This photo was taken the night Mom and Dad met. They saw each other across a crowded room, turned to their companions, and said, “That’s the one I’m going to marry.” One month later, they did marry, and they stayed married, devotedly, 55 years, until my mother’s death from cancer in 2020.
This story fascinated me, and I asked Mom to tell it again and again.
“How did you know?” I begged. If I understood the mechanism, I figured I could repeat it.
She simply smiled and said, “I just knew.” I accepted this. She was my mother. She and Dad still loved each other, so just knowing must be true, real thing.
The Gifts of Intuition
Belief in intuition – just knowing – turns out to be one of my parents’ greatest gifts to me. Because I believed in it, I looked for it. When I felt it, I allowed myself to be guided by it, then believed in it more. The strengthening spiral of looking, finding, trusting, acting, crediting, looking, finding, trusting, etc., has given me –
Clarity at key moments. It worked not just for recognizing my husband (you can read that story in “Recognizing Love”, but for recognizing vocations (“Calling” and “Weaving the Strands Together”), giving birth (“Learning to Birth”), and becoming a better parent (“Learning to Listen”).
Trust in myself. Because intuition has guided me so reliably, I trust myself to know what to do, when. I feel, as Martha Beck says, for what wants to happen. If I feel nothing, I know the thing isn’t ripe yet – the time is wrong, or I need more information.
Faith in my decisions. Last week I wrote about doubting your doubts instead of your goals when things get hard. Well, this week a goal got hard for me! I wondered, “Do I really want this?” The answer was a memory of the moment the goal was made: I just knew I wanted it. I felt a wave of peace, and my doubt melted away. I adjusted my expectations of what pursuing it would entail and carried on.
How to Just Know
None of this is to say I’m infallible – far from it. It’s that intuition is such a big part of how I know what to do, I wanted to share tips on how to recognize and befriend it.
Yes, befriend. Intuition is like a kid who wants to be your friend but is shy. Make the first move, softly, and keep encouraging.
Please bring to mind something you would like clarity on, perhaps a goal you’re doubting or another kind of decision you’re mulling. Ask your question and –
- Intuition is quiet and gentle. It does not yell, so quiet yourself and listen. Its messages are kind, sometimes offered in words, like “Rest,” or, “Go for walk,” and sometimes in images, such as memories or visions.
- Intuition feels good in the body. Sometimes lightning bolt-good, sometimes warmer-good. Regardless of the intensity, it feels light, expansive, and grounded.
- Intuition provokes positive emotions.
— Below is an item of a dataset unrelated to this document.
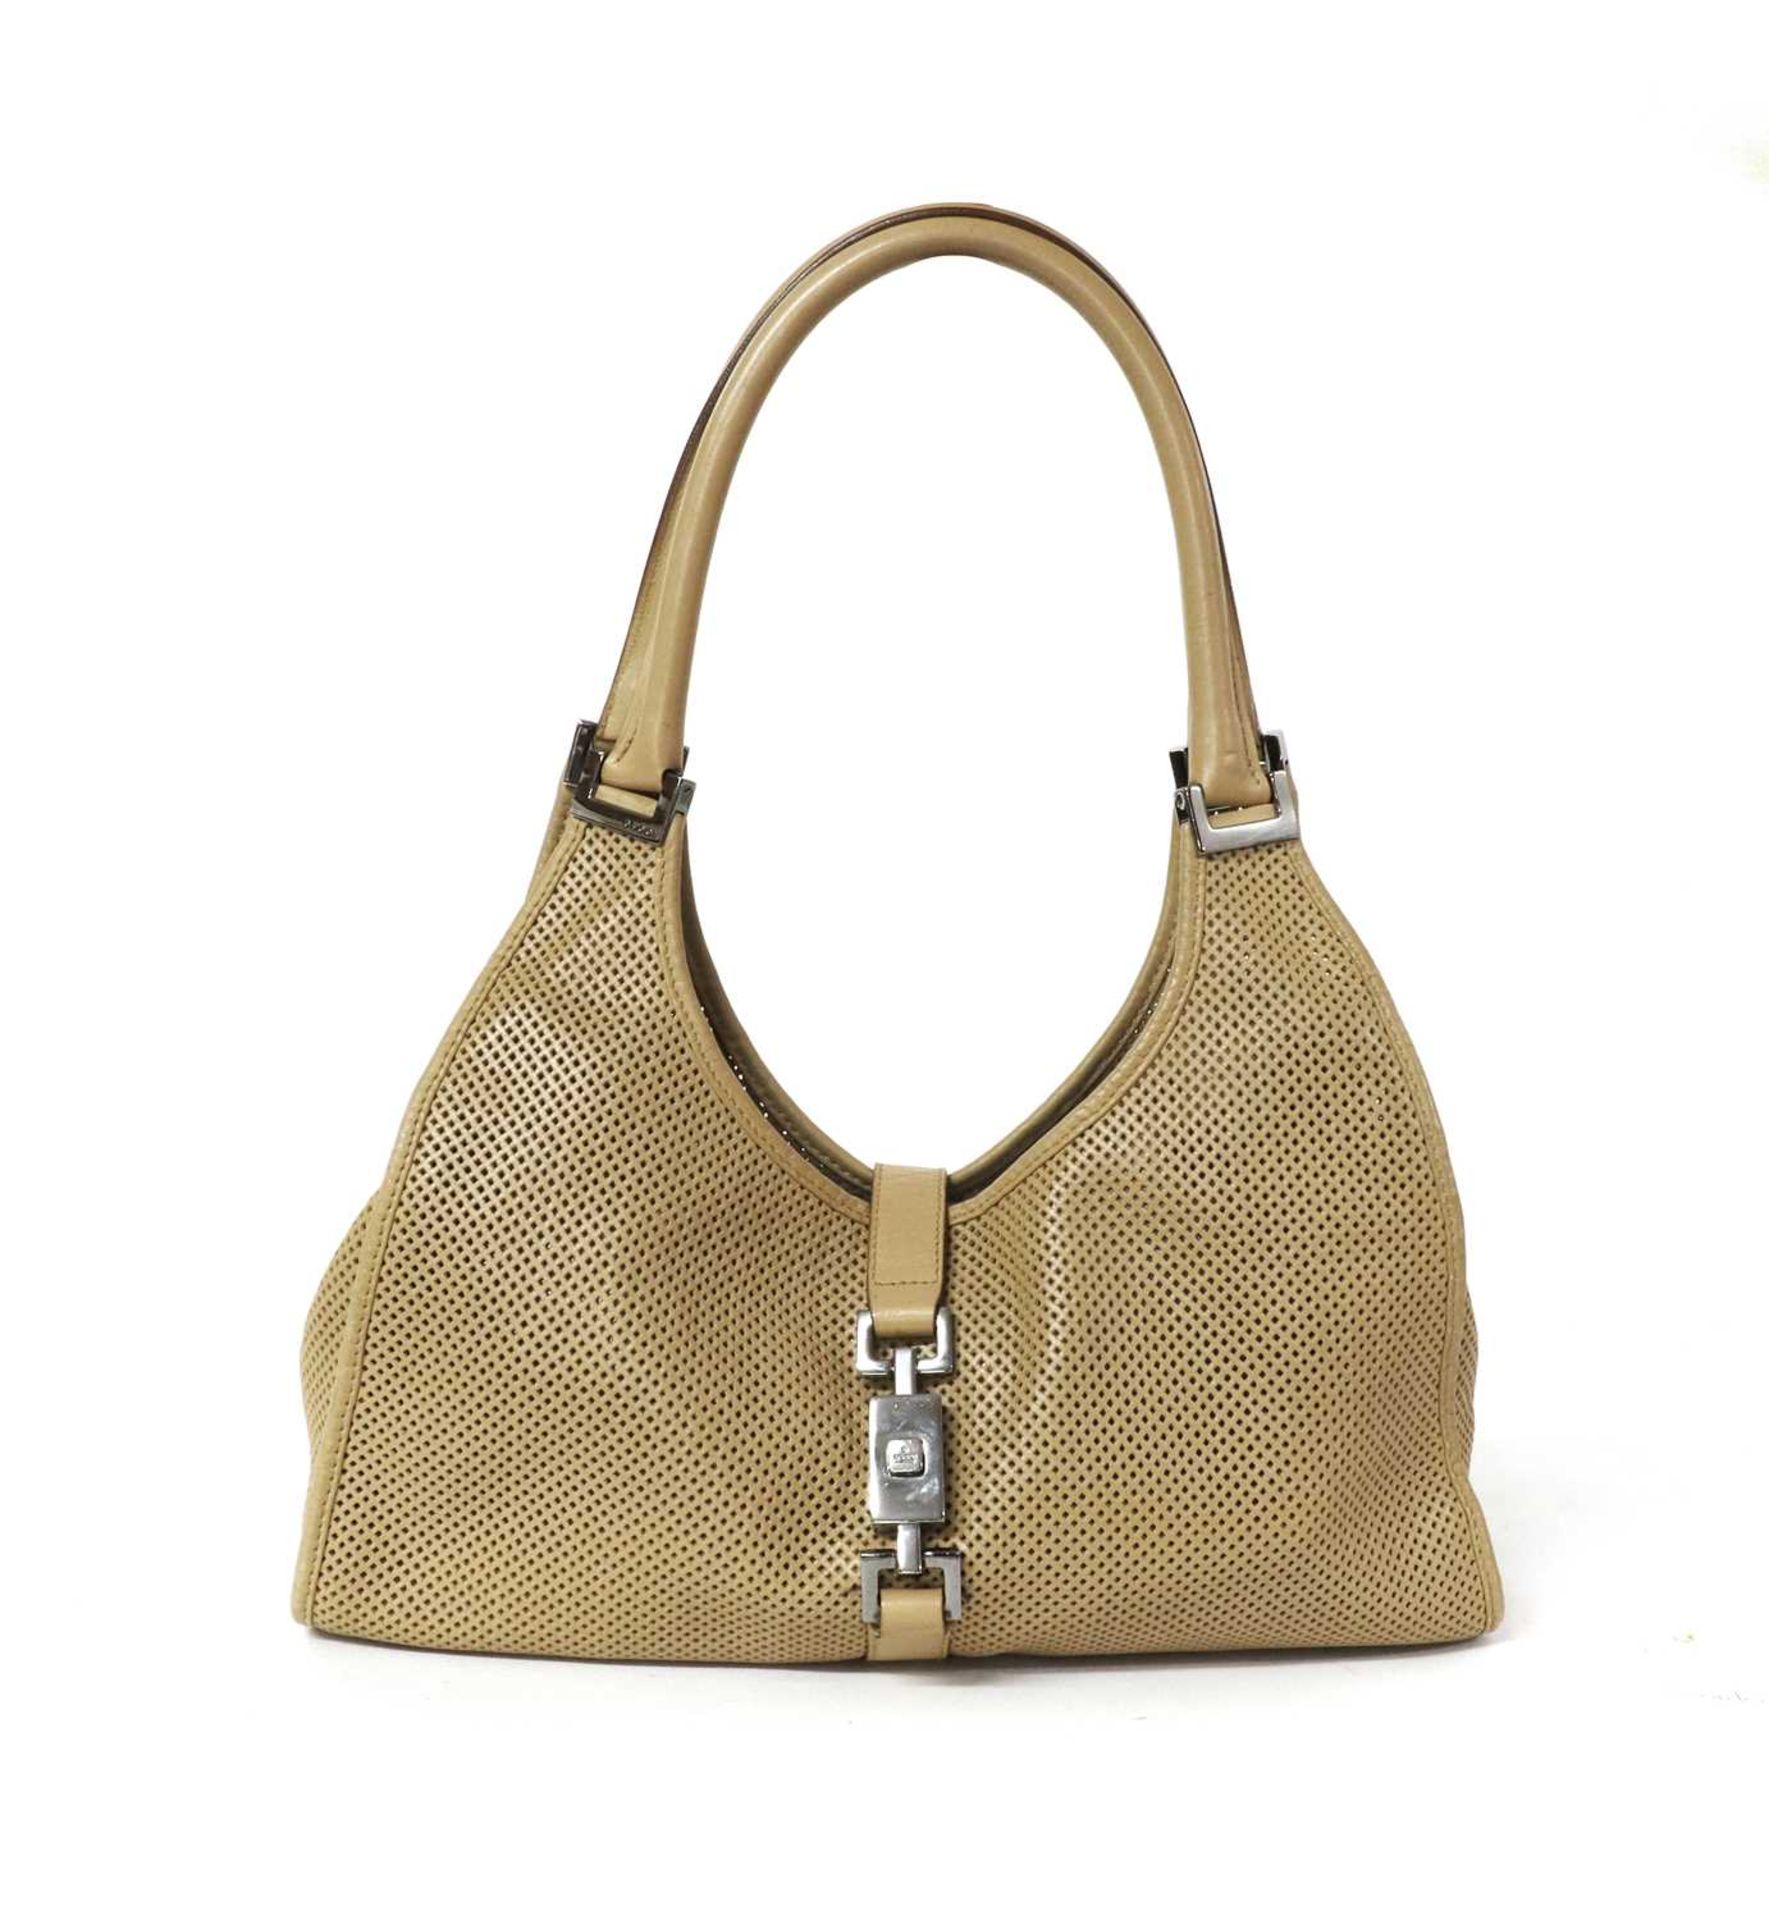 A vintage Gucci tan perforated leather Jackie bag,

You will feel peace tinged with other positive emotions, sometimes subtle, like relief or contentment, and sometimes powerful, like joy, love, awe.
- Friendships grow with intention and attention. So, set an intention to develop your intuition and pay attention to it. Look for it. What you look for, you find. Take a chance and trust and act on its message, then notice the results and give intuition the credit. Crediting encourages you to keep looking, finding, trusting, acting, and crediting again in a strengthening spiral.
What is intuition exactly, and where does it come from? Honestly, I don’t know. But its gifts have been too clear and miraculous for me to doubt that, even when you don’t understand the mechanism, sometimes, you just know.